**Supplied data**
□ □ □ □ □

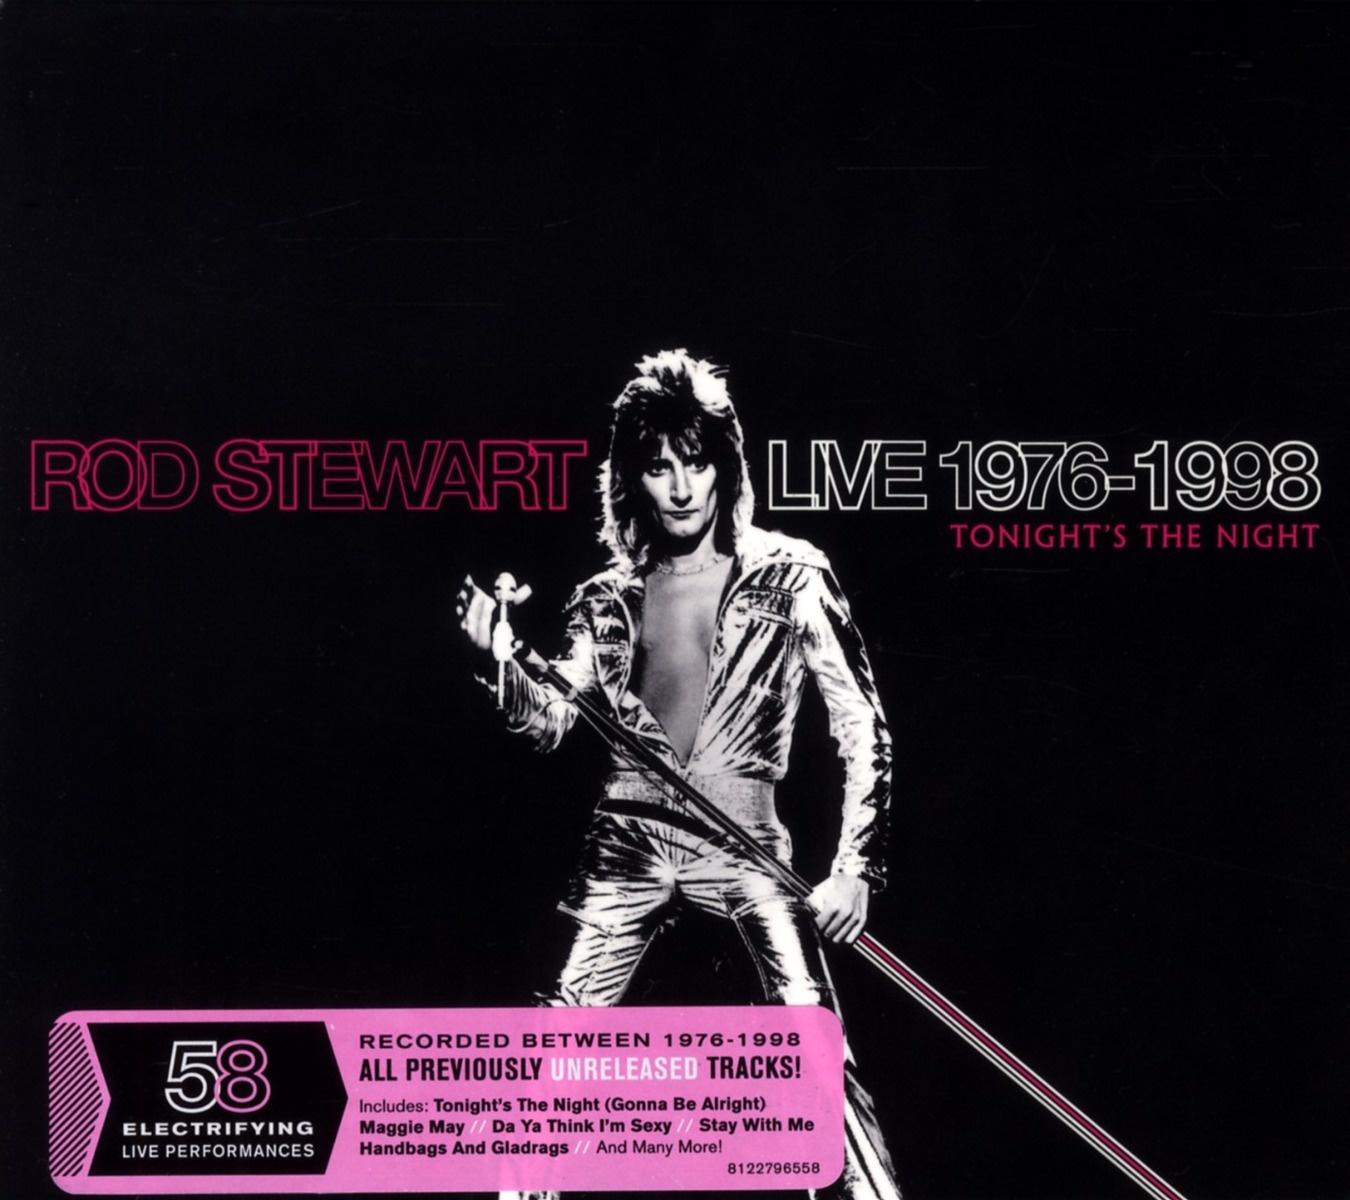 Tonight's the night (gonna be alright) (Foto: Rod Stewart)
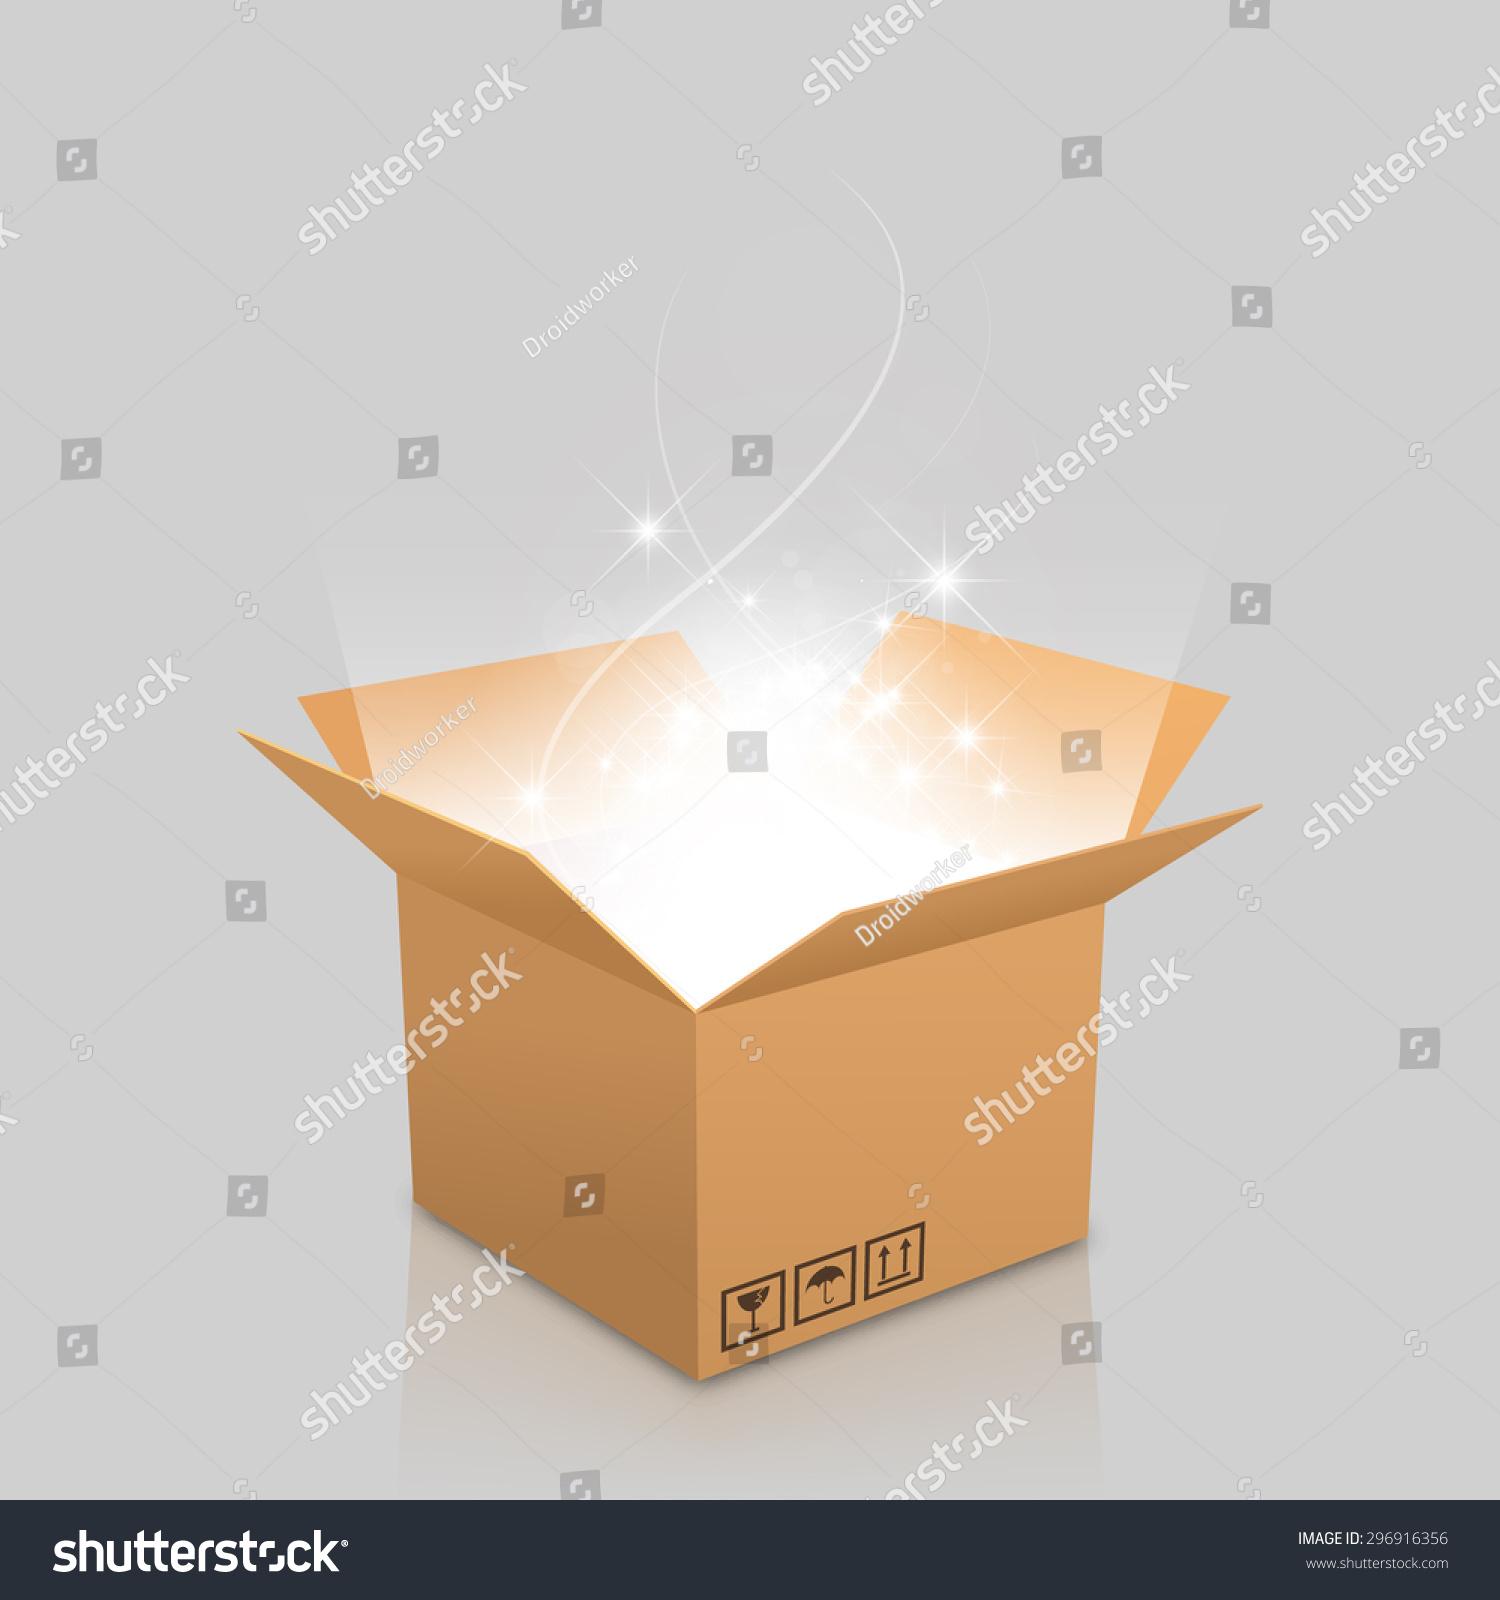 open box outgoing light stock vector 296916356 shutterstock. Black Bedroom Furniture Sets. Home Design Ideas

□ □ □ □ □

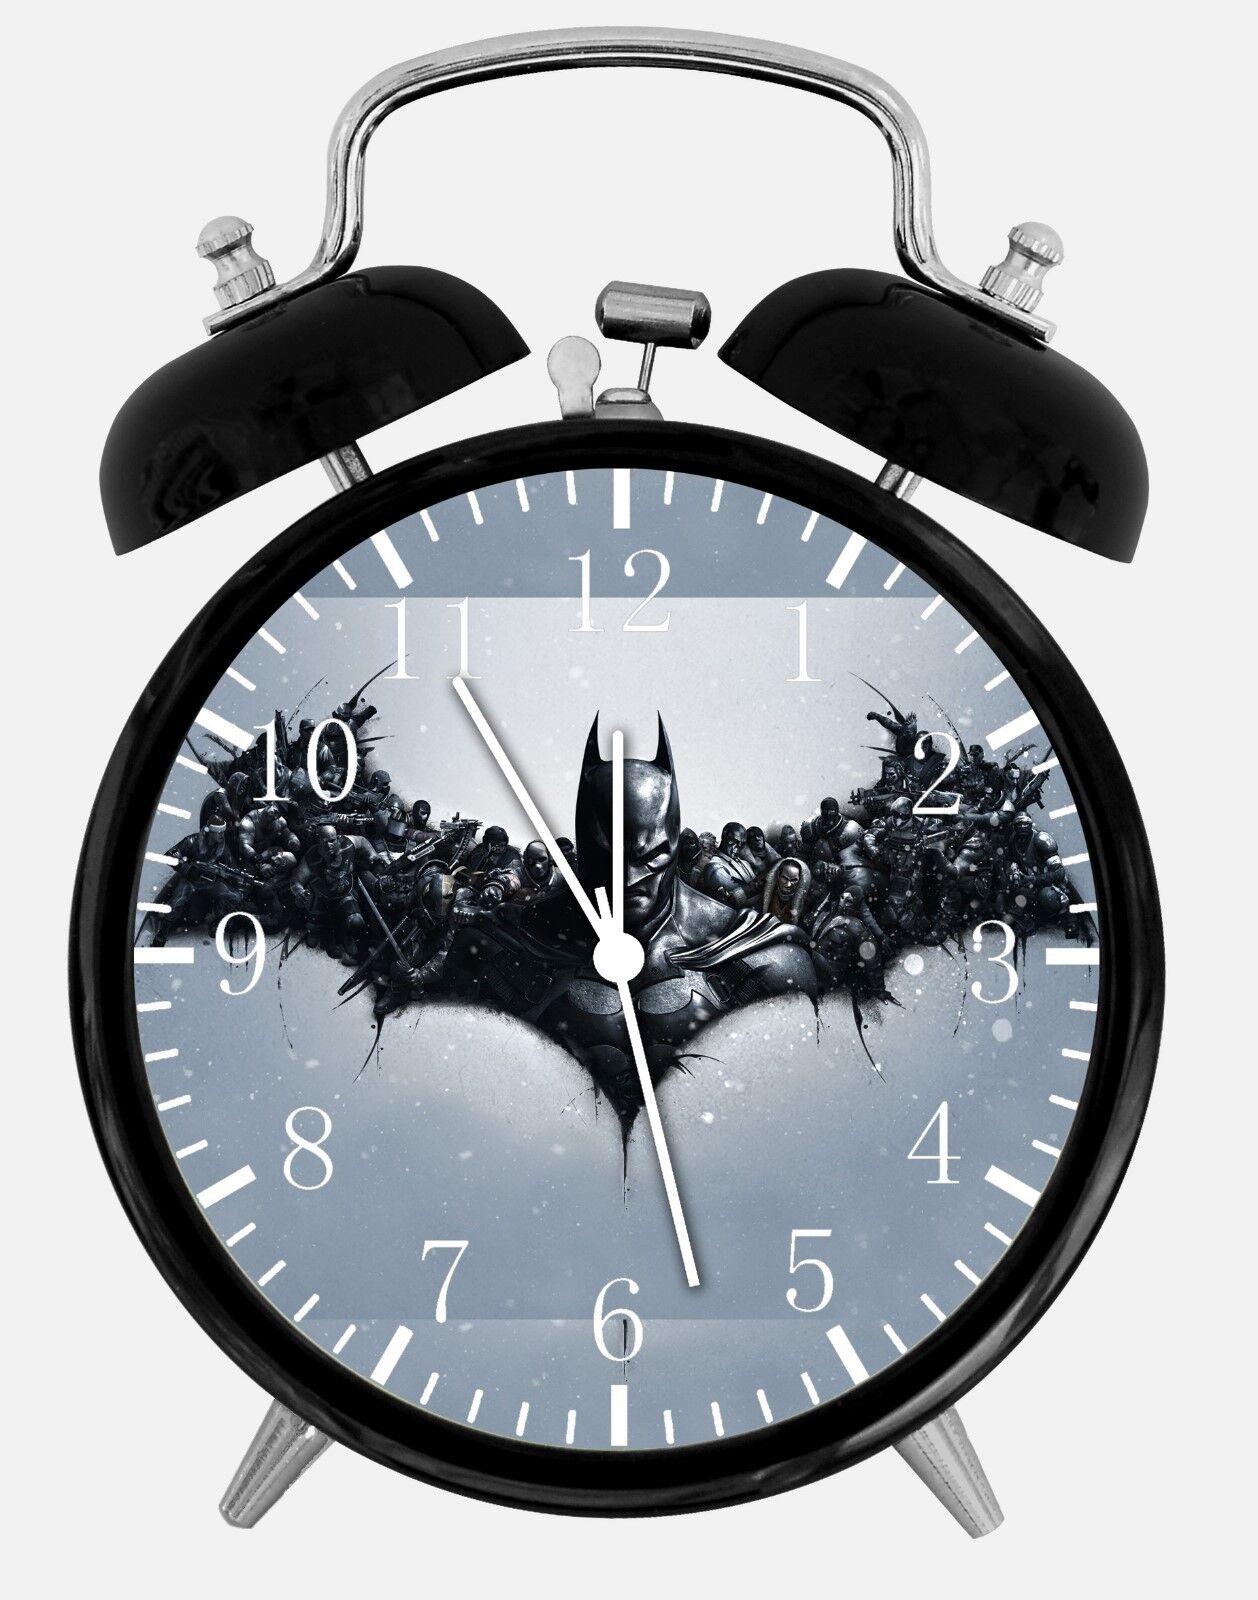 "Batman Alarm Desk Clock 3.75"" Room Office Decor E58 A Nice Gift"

□ □ □ □ □

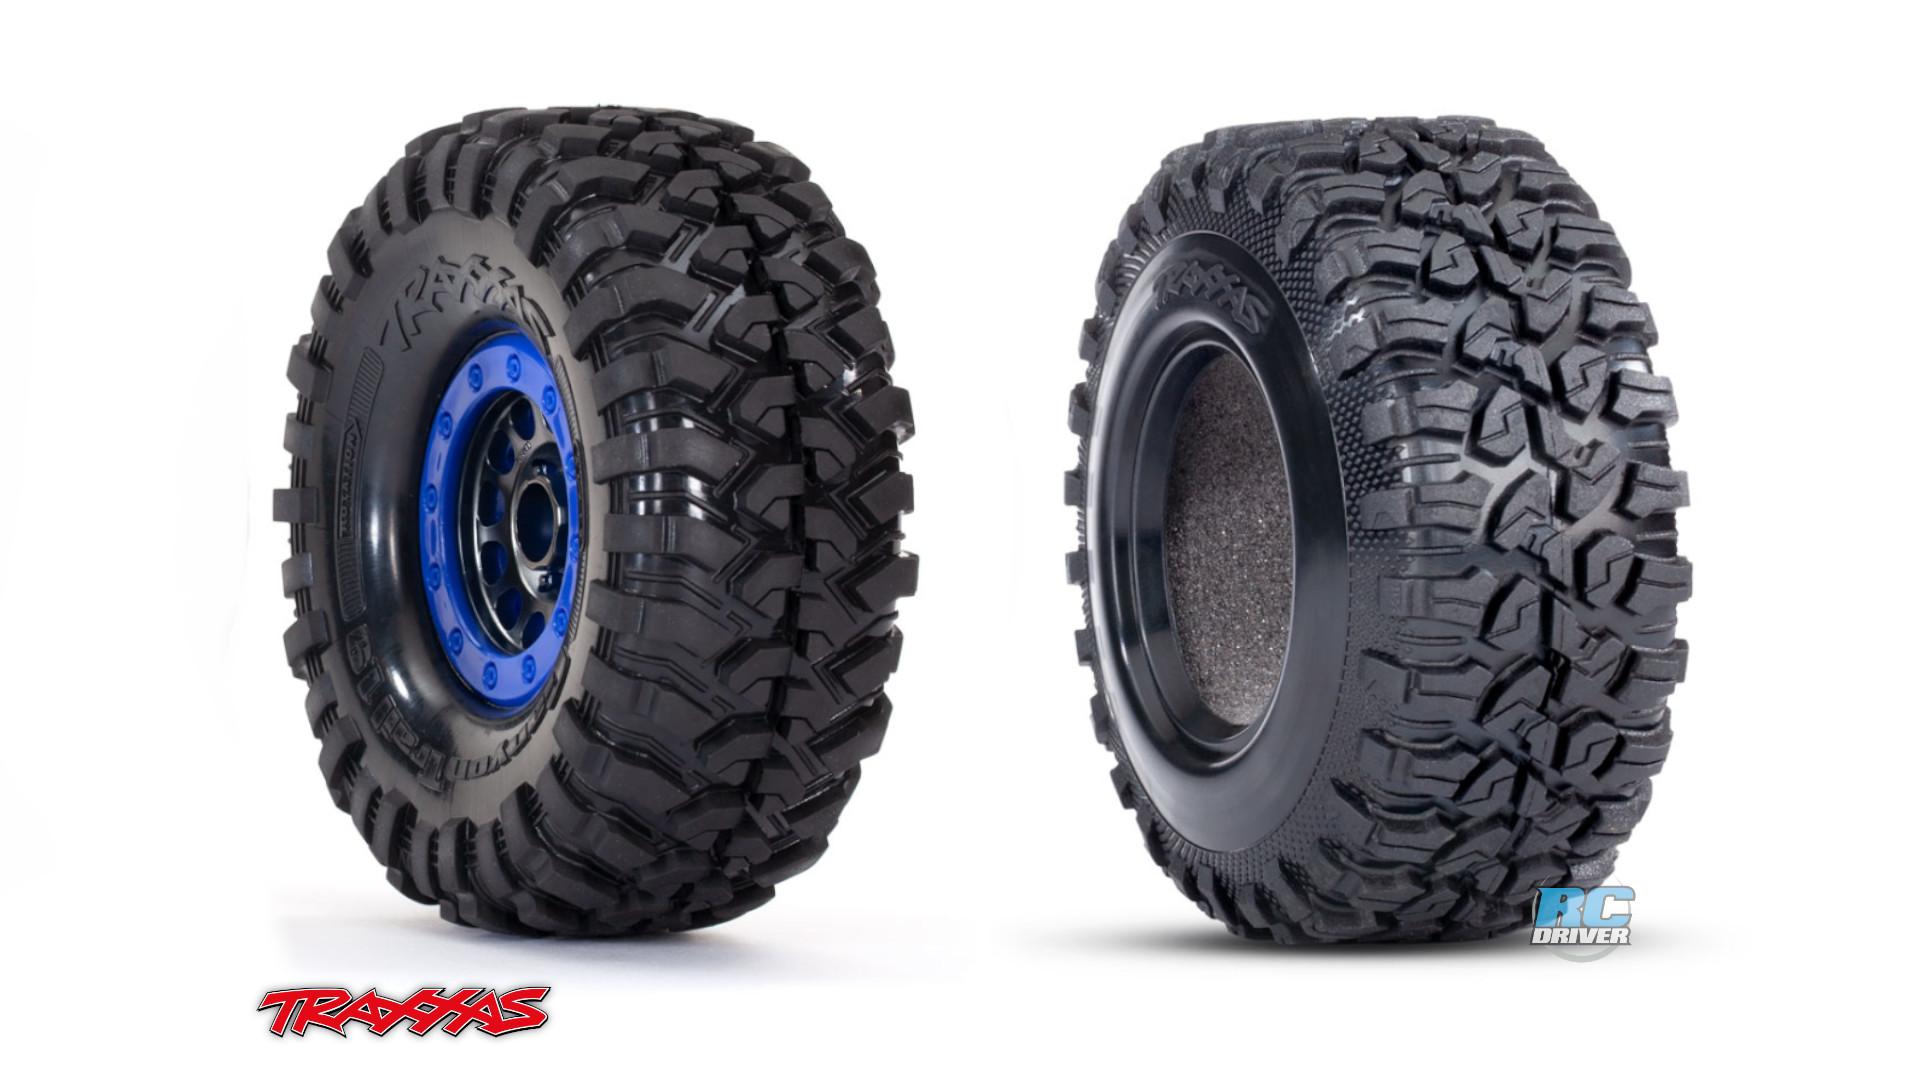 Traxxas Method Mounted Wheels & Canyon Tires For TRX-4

□ □ □ □ □

**Work instruction**
When you reach the line with "Tonight's the night" in the records above, start writing out each line exactly, and stop after the line with "open box outgoing". Pictures stay out.

**Answer to the problem**
 Tonight's the night (gonna be alright) (Foto: Rod Stewart)
 open box outgoing light stock vector 296916356 shutterstock. Black Bedroom Furniture Sets. Home Design Ideas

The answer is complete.